**THE PROBLEM:**
Going line by line through the records below, write out everything starting with the line containing "NICHT VERWENDEN Extremismus / NPD / Verbot" and going on through the line containing "谷口眼鏡 眼鏡産業の発祥地、福井県鯖江市 河和田地区に工房を構える谷口眼鏡。", exactly and inclusively. Pictures do not go in.

(THE RECORDS Opens)

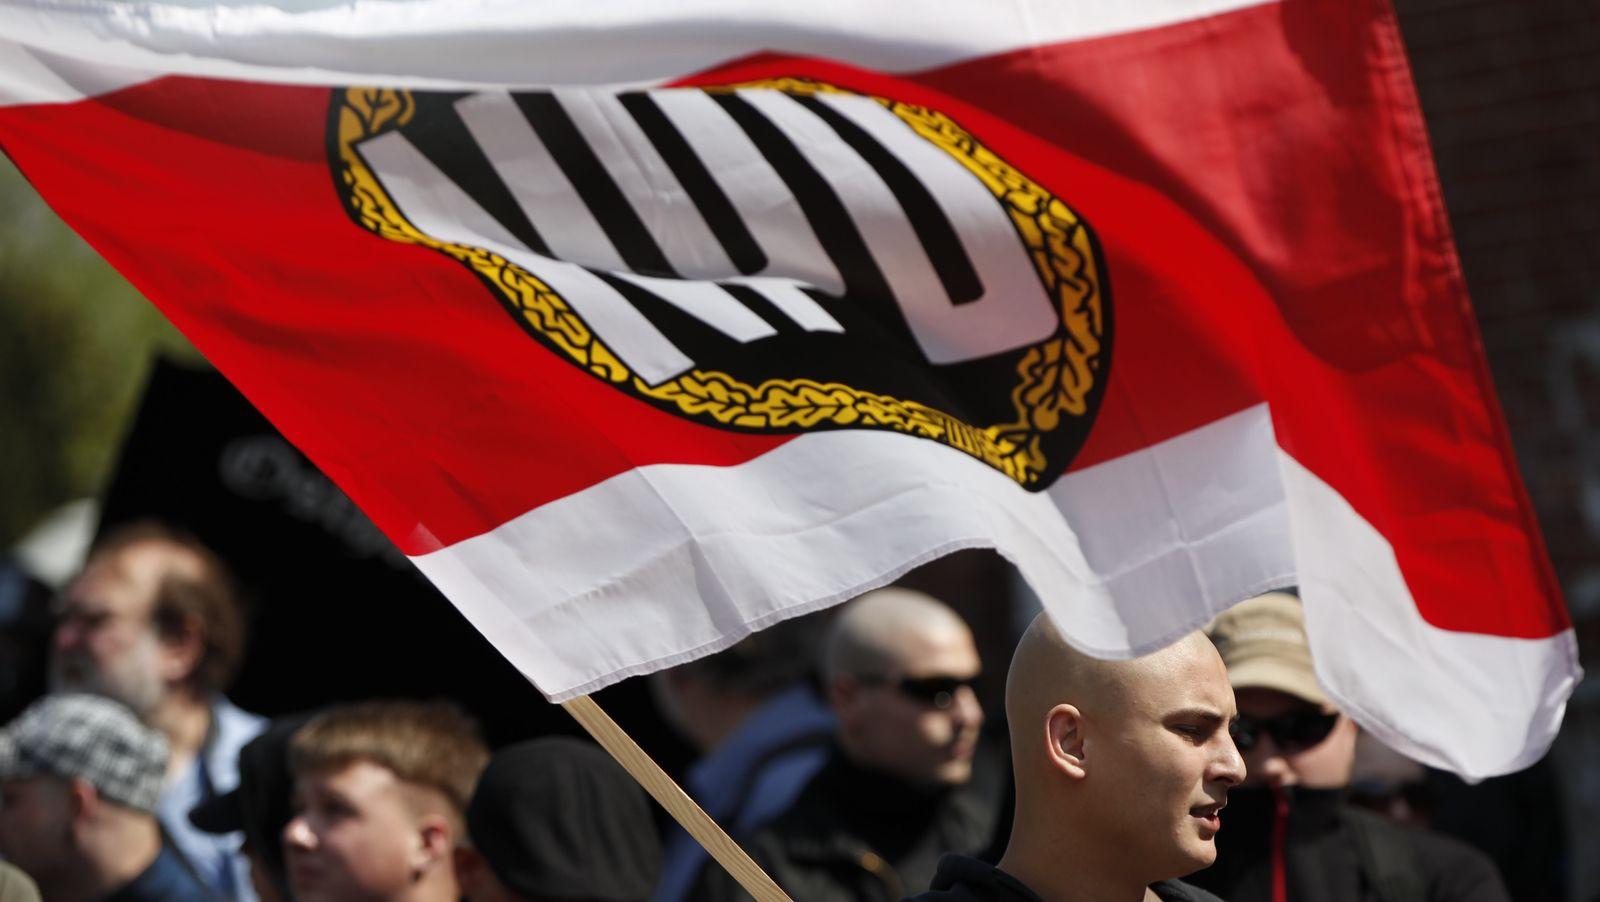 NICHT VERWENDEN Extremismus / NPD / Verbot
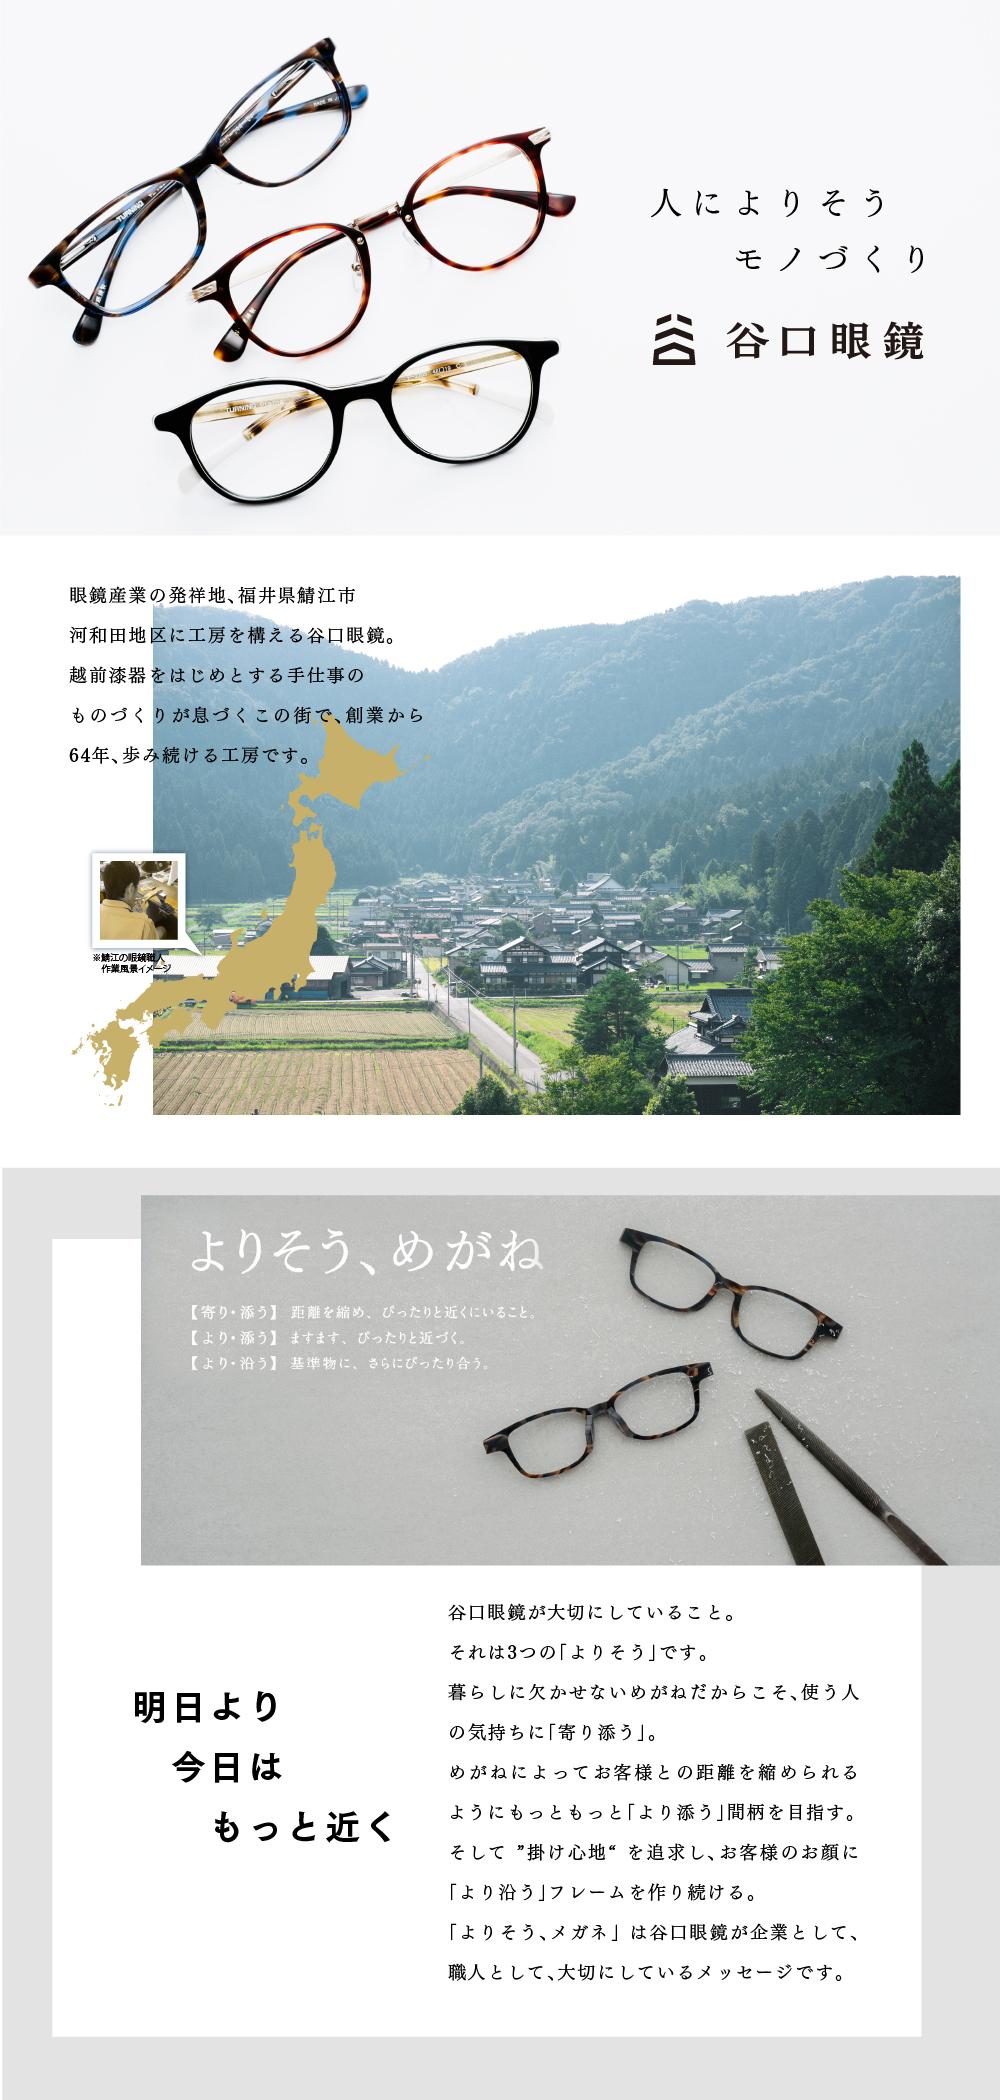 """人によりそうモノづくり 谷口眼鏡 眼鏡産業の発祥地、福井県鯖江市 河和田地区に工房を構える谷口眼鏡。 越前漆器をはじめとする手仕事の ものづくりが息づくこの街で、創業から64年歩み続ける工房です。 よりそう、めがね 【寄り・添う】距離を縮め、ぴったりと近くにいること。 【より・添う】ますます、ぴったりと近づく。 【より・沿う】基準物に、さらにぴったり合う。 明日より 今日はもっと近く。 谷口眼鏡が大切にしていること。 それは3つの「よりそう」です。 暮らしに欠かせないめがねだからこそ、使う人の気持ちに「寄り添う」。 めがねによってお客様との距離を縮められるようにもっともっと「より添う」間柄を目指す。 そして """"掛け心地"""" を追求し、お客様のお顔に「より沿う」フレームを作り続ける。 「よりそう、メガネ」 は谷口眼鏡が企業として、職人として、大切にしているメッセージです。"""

(THE RECORDS Closes)
(THE RECORDS Opens)

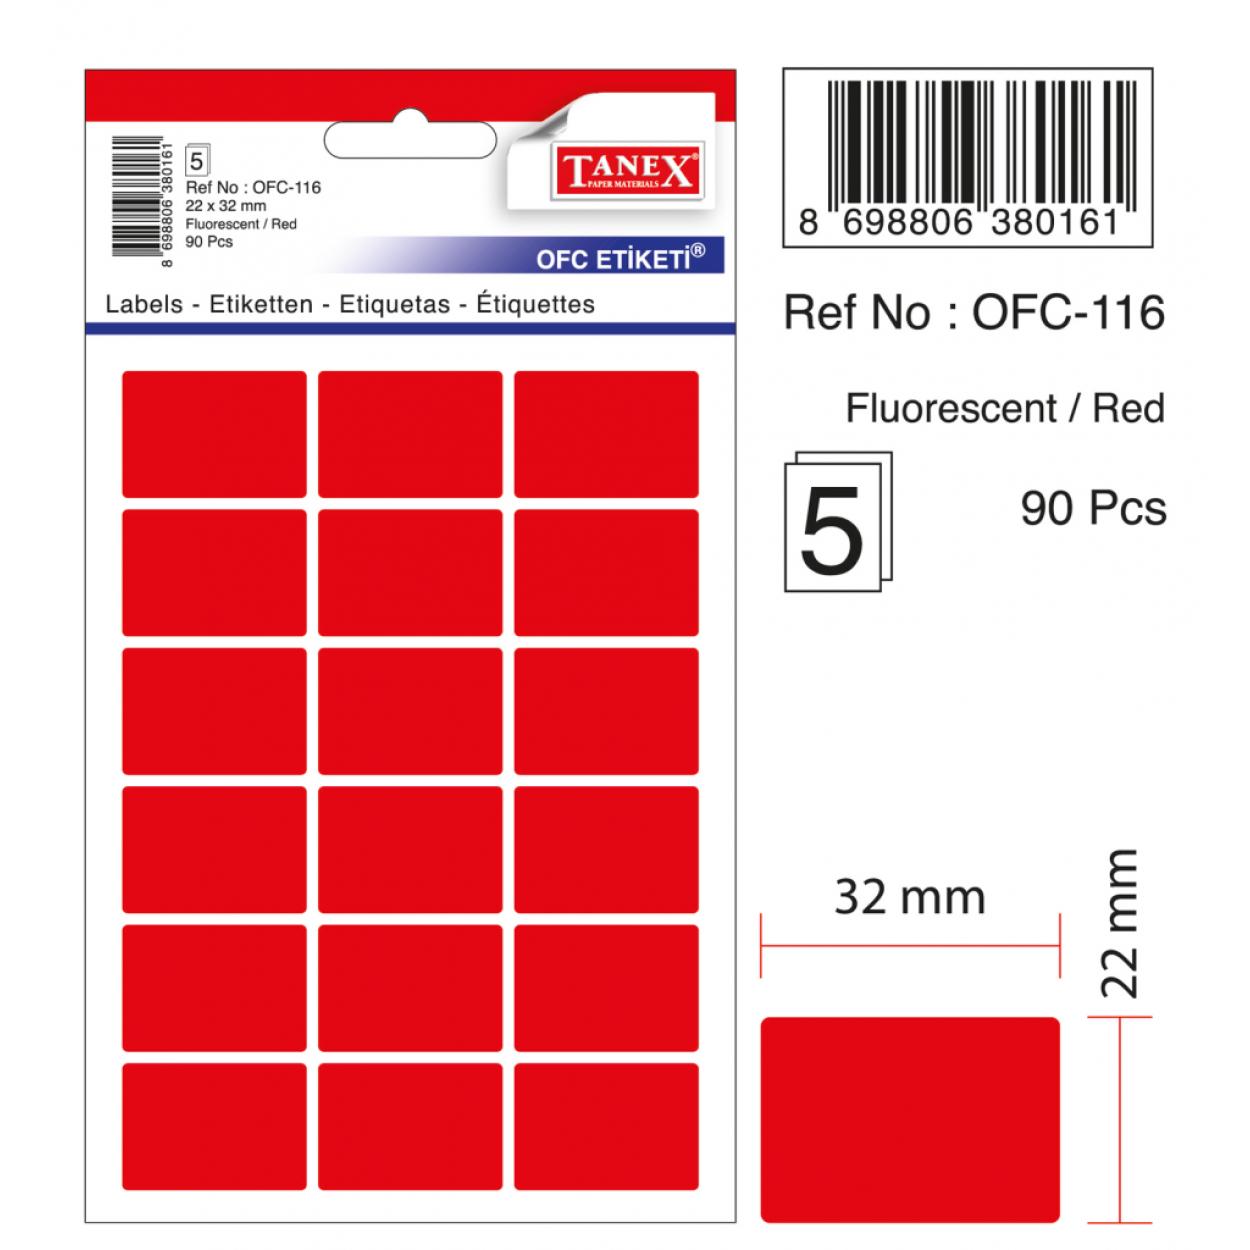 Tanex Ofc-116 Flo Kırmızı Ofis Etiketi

(THE RECORDS Closes)

**TASK RESPONSE:**
 NICHT VERWENDEN Extremismus / NPD / Verbot
 """人によりそうモノづくり 谷口眼鏡 眼鏡産業の発祥地、福井県鯖江市 河和田地区に工房を構える谷口眼鏡。 越前漆器をはじめとする手仕事の ものづくりが息づくこの街で、創業から64年歩み続ける工房です。 よりそう、めがね 【寄り・添う】距離を縮め、ぴったりと近くにいること。 【より・添う】ますます、ぴったりと近づく。 【より・沿う】基準物に、さらにぴったり合う。 明日より 今日はもっと近く。 谷口眼鏡が大切にしていること。 それは3つの「よりそう」です。 暮らしに欠かせないめがねだからこそ、使う人の気持ちに「寄り添う」。 めがねによってお客様との距離を縮められるようにもっともっと「より添う」間柄を目指す。 そして """"掛け心地"""" を追求し、お客様のお顔に「より沿う」フレームを作り続ける。 「よりそう、メガネ」 は谷口眼鏡が企業として、職人として、大切にしているメッセージです。"""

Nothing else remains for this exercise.